Azarosas son también las trayectorias que siguen las saetas caprichosas del dios. “Solo se ama lo que no se tiene”, según el discurrir de Sócrates en El Banquete, ya que justamente el amor es una tensión constante hacia aquello que no se posee y se siente como una necesidad; el amor es la búsqueda de aquello que carecemos. Así resulta posible explicar el deseo que experimenta el amante, de poseer constantemente y con exclusividad al ser amado, y que hace lamentar a Werther del siguiente modo: “¡Ah, este vacío! ¡Este horrible vacío que siento aquí en mi pecho!... A menudo pienso: si tan solo pudiera estrecharla contra mi pecho, tan solo una vez, todo este vacío se colmaría.”
Y no otra cosa es el matrimonio, sino una institución legal que intenta (desatando la burlona risa de los dioses), asegurar el monopolio del goce en la posesión del otro; sin considerar, muchas veces, la precariedad de ese deseo, que muere irremediablemente, como todo deseo, con su satisfacción (inmediatamente, o a la postre).
Es que no debemos soslayar que Eros, además de alado, es un dios niño. La representación del Amor como un infante nos habla de su fugacidad. “El amor muere joven” dice Roberto de las Carreras, y Vinicius de Moraes reafirma la idea con sentencioso laconismo: “El amor es eterno mientras dura”. Por eso, muchas veces sucede lo que con el desventurado joven Werther: para que no muera el amor, se prefiere la muerte del que ama, en el momento más apasionado de su Sturm und Drang, como sacrificio supremo al hijo de la Citerea.
Para ti pues, joven amigo, porque tus vicisitudes son las nuestras, estas breves palabras.

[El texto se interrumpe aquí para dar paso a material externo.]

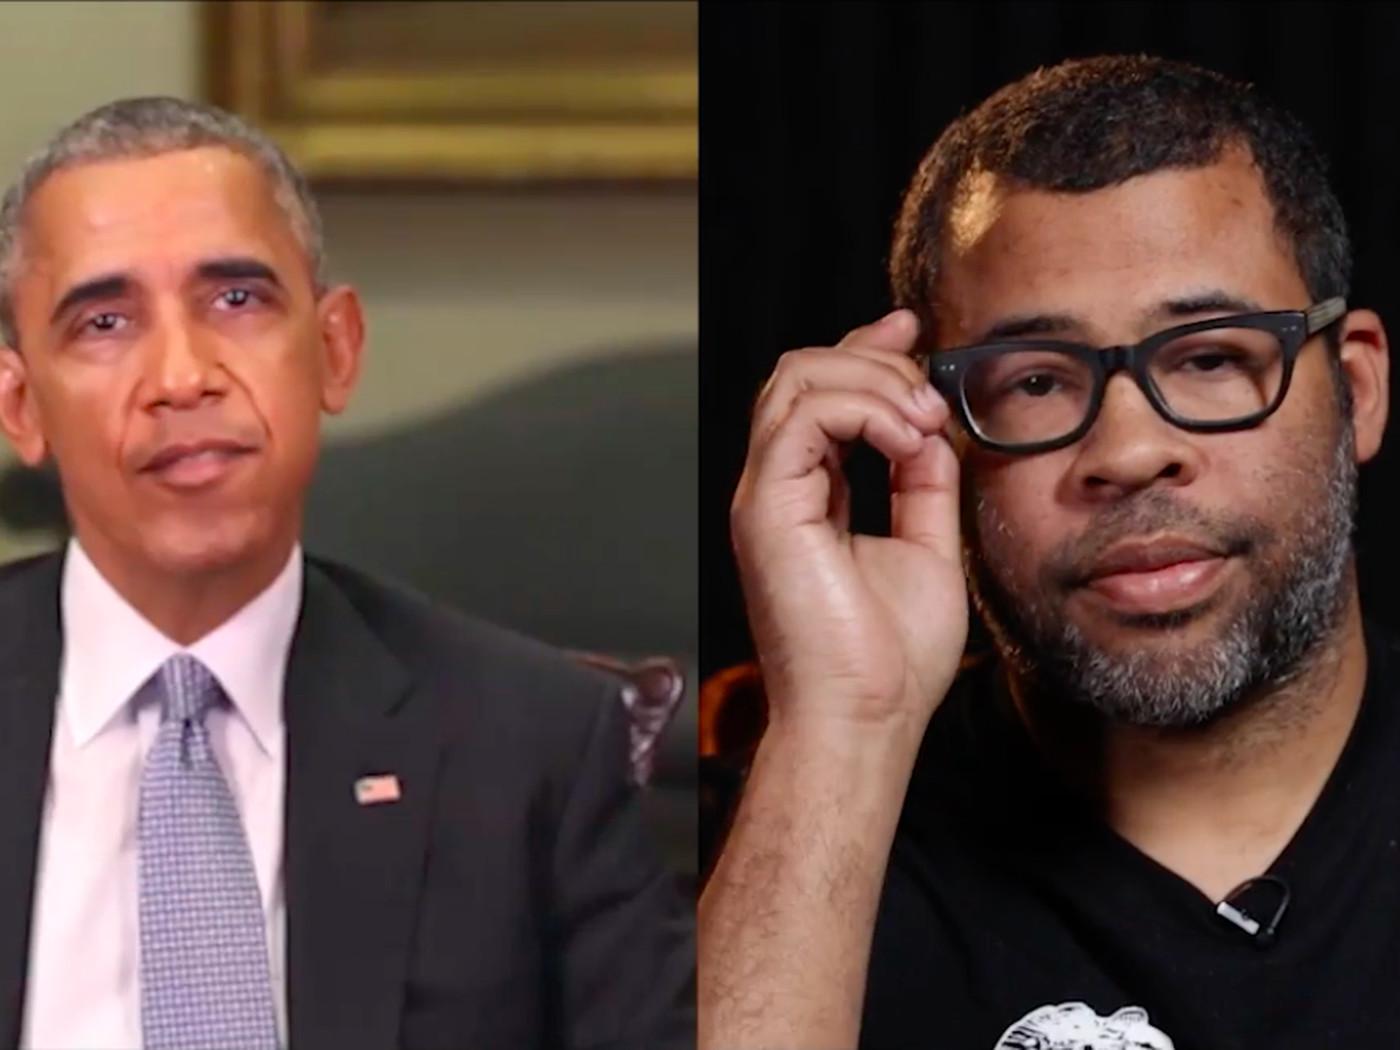 https://www.vox.com/2018/4/18/17252410/jordan-peele-obama-deepfake-buzzfeed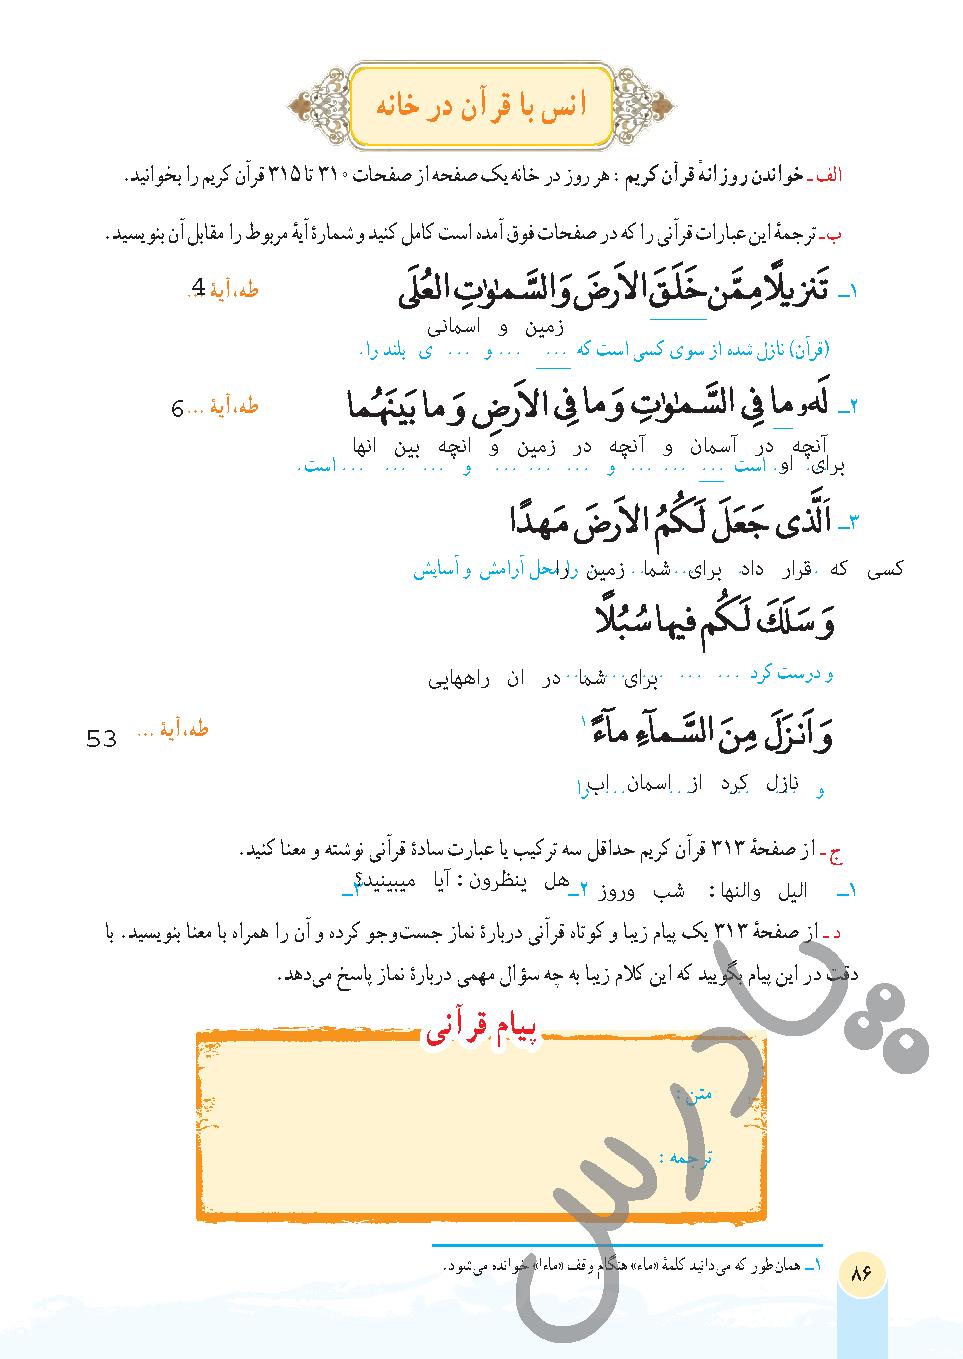 جواب انس با قرآن درس 9 قرآن هفتم - جلسه دوم

viernes, 8 de junio de 2012

In Fidelitate

La fiera soldadesca de Tarquino el Soberbio acampaba displicente durante el sitio de Ardea. En la tienda principal Sexto, el heredero, y su primo Lucio, se gastaban pullas groseras zahiriéndose mutuamente a costilla de sus esposas. El humor ácido de los Tarquino inquietó sus corazones, trasmutando pronto las bromas por la negra desconfianza que nubla la razón; y esa misma noche decidieron volver a sus hogares, con la intención de sorprender a sus cónyuges en el quehacer cotidiano, y descartar de ese modo cualquier atisbo de reconcomio suspicaz.
Llegáronse primero por la residencia de Sexto, y al franquear los pórticos de la casa marital, la improvisada comitiva sorprendió a la esposa de éste en pleno deleite saturnal, gozando las mieles de Venus en los brazos de un copioso grupo de porfiados pretendientes. Totalmente otra era la escena en la casa de Lucio Colatino, en cuyos aposentos Lucrecia, parangonando a Penélope, tejía en solitaria espera de su guerrero marido.
Un orgullo sosegado colmó el espíritu de Lucio, en la medida misma en que la envidia y el rencor se encaramaron en el alma de su primo, quien en ese desgraciado interín urdió su vendetta y la llevó a cabo la noche siguiente. Volvió Sexto a la Ciudad Eterna al caer la siguiente tarde, mientras sus compañeros de armas guerreaban en Ardea, ignorando su ausencia. Se introdujo furtivo al lecho de Lucrecia y con viles amenazas la obligó a entregarse a sus deleznables antojos.
Cuando la mañana despuntó su clara luz sobre las siete colinas, Lucrecia llamó a su padre y a su afrentado marido, y luego de relatarles el episodio de su ultraje, acabó con sus días clavándose un puñal en el pecho al tiempo que exclamaba lastimera “¡Ninguna mujer quedará autorizada con el ejemplo de Lucrecia para sobrevivir a su deshonor!”.
Cundió la noticia de la injusta muerte de la casta Lucrecia, y se desató el enfado entre los romanos. La agitación pública fue tanta y de una violencia tal, que los ánimos agitados recién se apaciguaron con el asesinato del pérfido Sexto y la condena al exilio de su padre, el último Rey.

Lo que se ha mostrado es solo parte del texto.